George B. McDonald, MD, head, gastroenterology/hepatology section at the Fred Hutchinson Cancer Research Centre said, "It is disappointing that the FDA has required additional data concerning orBec in view of the clinically compelling data that it has shown in phase II and III clinical trials, both of which demonstrated clear evidence of clinical benefit. These data have convinced many in the transplant oncology community that use of oral BDP should be part of our standard practice in treating gastrointestinal GVHD. Those of us who treat GVHD know what a devastating complication of haematopoietic cell transplantation it really is, even in its less severe forms. Not only are the gastrointestinal symptoms of GVHD unpleasant and persistent, but also the standard treatment using prolonged courses of prednisone leads to debility, serious infections and sometimes death not from GVHD per se, but from complications related to prednisone. Physicians treating GI GVHD need alternative options such as orBec, which has been shown to reduce GVHD symptoms while allowing for reduced use of prednisone."

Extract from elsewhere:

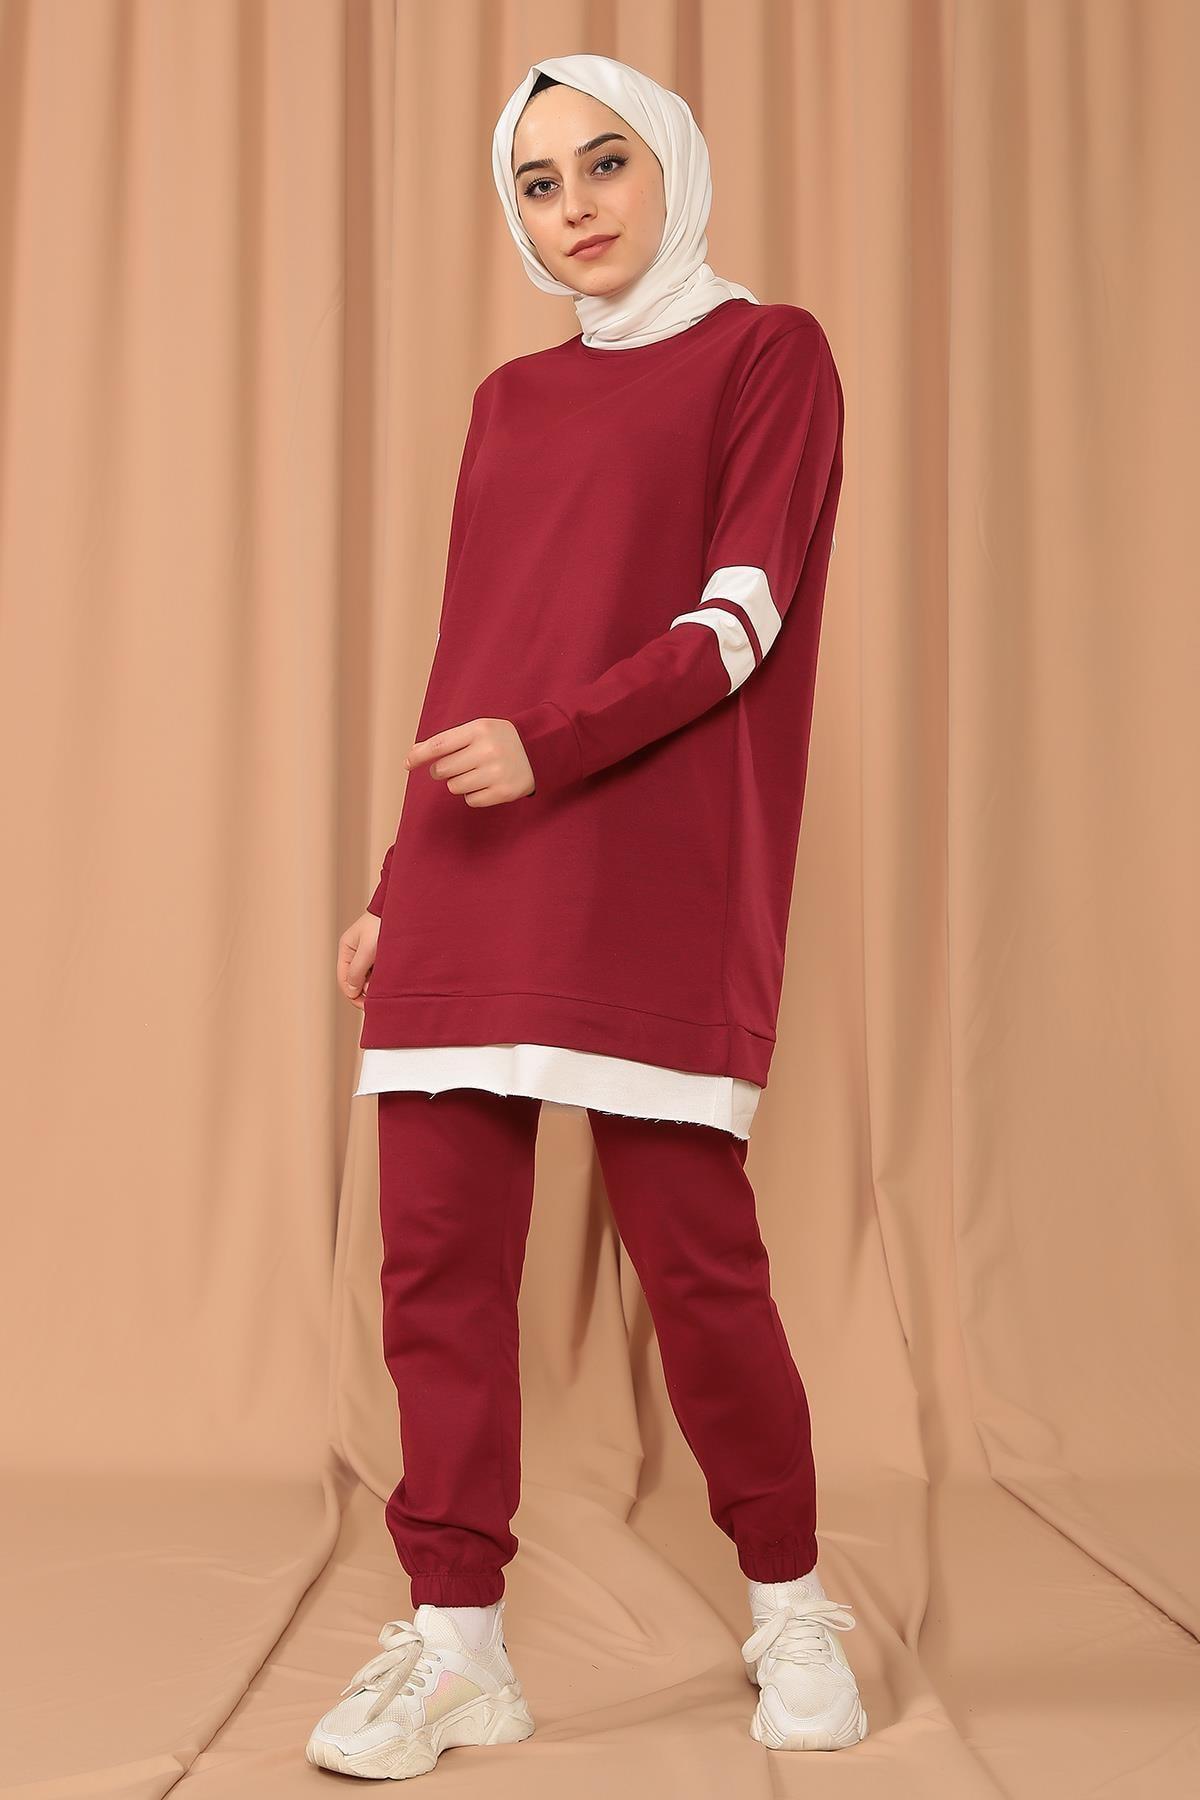 MODA GÜLAY Kolları Şeritli Salaş Pantalonlu Takım 2

orBec represents a first-of-its-kind oral, locally acting therapy tailored to treat the gastrointestinal manifestation of GVHD, the organ system where GVHD is most frequently encountered and highly problematic. orBec is a two-tablet system containing the highly-potent, topically-active corticosteroid beclomethasone dipropionate (BDP), and is designed to specifically target and treat upper and lower GI GVHD with reduced systemic immunosuppressive side effects. orBec is intended to reduce the need for systemic immunosuppressive drugs to treat GI GVHD. BDP is a highly potent, topically active corticosteroid that has a local effect on inflamed tissue. BDP has been marketed in the US and worldwide since the early 1970s as the active pharmaceutical ingredient in a nasal spray and in a metered dose inhaler for the treatment of patients with allergic rhinitis and asthma. orBec is formulated for oral administration as a single product consisting of two tablets; one tablet is intended to release BDP in the proximal portions of the GI tract and the other tablet is intended to release BDP in the more distal portions of the GI tract.
orBec is currently the subject of an NIH supported phase II clinical trial actively enrolling patients for the prevention of GVHD as well as the subject of an NIH supported preclinical animal study in radiation injury. orBec may also have application in treating other gastrointestinal disorders characterized by severe inflammation including IBS, ulcerative colitis and Crohn's disease.
In addition to issued patents and pending worldwide patent applications held by or exclusively licensed to DOR, orBec also benefits from orphan drug designations in the US and in Europe for the treatment of GI GVHD, which provide for 7 and 10 years of post-approval market exclusivity, respectively.